I have JSON as follows :

{"Items":[{src=\"LOC/IMG.png\"}]}
Captain Barbossa
  • 1,067
  • 10
  • 16
  • is this a string or a dictionary? – Avinash Raj Apr 13 '15 at 07:43
  • Json output stored in files , file count over 1 lakh . – Captain Barbossa Apr 13 '15 at 07:45
  • This isn't "mixed response of HTML and JSON", it's just JSON, some of the members of which are strings that appear to be some form of pre-processed HTML. The right way to parse this would be to parse the JSON, look at the strings that you want to look at, then decode those into HTML fragments, then search those. – abarnert Apr 13 '15 at 07:47
  • Yes , some params have mixed HTML string in them . File format is json as mentioned – Captain Barbossa Apr 13 '15 at 07:50
  • 1
    Also, what is 1 Lakh? Is it like 173.6 gross of bakers' dozens or something? – abarnert Apr 13 '15 at 07:50
  • @abarnet edited the question . File count is over 10^5 . – Captain Barbossa Apr 13 '15 at 07:56
  • 10^5 files isn't that many. How "optimal" does this have to be? If reading each file takes 270ms, and parsing each file adds another 110ms, is that unacceptable? (That's how long `json.loads` on 2K of random JSON plus `bs4.BeautifulSoup` on 2K of random HTML takes on my laptop…) – abarnert Apr 13 '15 at 08:02
  • The file size is large , the above mentioned file was a sample file . – Captain Barbossa Apr 13 '15 at 08:17

2 Answers2

1

Let me put a disclaimer for parserers: I do not claim regexes are the coolest, and I myself use XML/JSON parsers everywhere when I can. However, when it comes to any malformed texts, parsers usually cannot handle those cases the qay I want. I have to add regexish code to deal with those situations.

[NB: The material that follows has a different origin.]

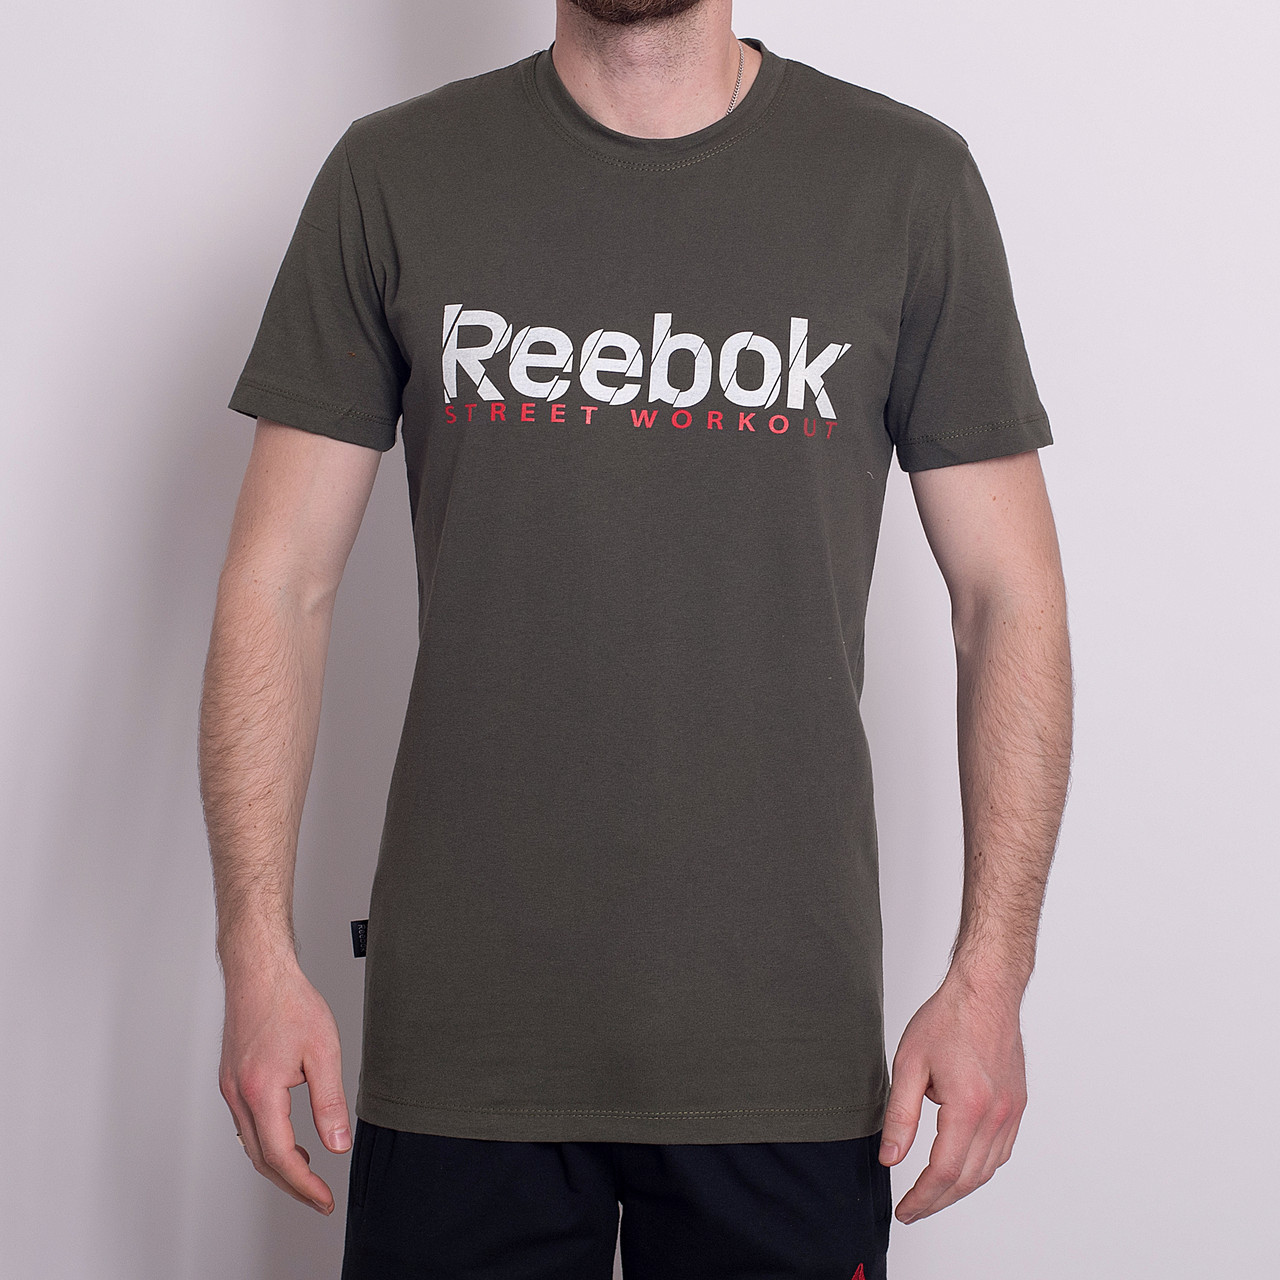 Чоловіча спортивна футболка Reebok, кольору хакі

So, in case a regex is absolutely necessary, use (?<=src=\\").*?(?=\\")" regex. (?<=src=\\") look-behind and look-ahead (?=\") will act as boundaries for the values inside src attributes.

Here is sample code:

import re
p = re.compile(ur'(?<=src=\\").*?(?=\\")')
test_str = "YOUR_STRING"
re.findall(p, test_str)

See demo.

Wiktor Stribiżew
  • 607,720
  • 39
  • 448
  • 563
  • 2
    Besides the fact that [parsing HTML with regex](http://stackoverflow.com/questions/1732348/regex-match-open-tags-except-xhtml-self-contained-tags/1732454#1732454) is already bad, parsing HTML that's been escaped in some unknown way and that's embedded in another format that may contain the exact same patterns you're looking for is even worse. – abarnert Apr 13 '15 at 07:53
1

You have JSON that contains some values that are HTML. If at all possible, therefore, you should parse the JSON as JSON, then parse the HTML values as HTML. This requires you to understand a tiny bit about the structure of the data—but that's a good thing to understand anyway.

For example:

j = json.loads(s)
for item in j['Items']:
    soup = bs4.BeautifulSoup(item['Item'])
    for img in soup.find_all('img'):
        yield img['src']

This may be too slow, but it only takes a couple minutes to write the correct code, run it on 1000 random representative files, then figure out if it will be fast enough when extrapolated to whatever "file count of 1 Lakh" is. If it's fast enough, then do it this way; all else being equal, it's always better to be correct and simple than to be kludgy or complicated, and you'll save time if unexpected data show up as errors right off the bat than if they show up as incorrect results that you don't notice until a week later…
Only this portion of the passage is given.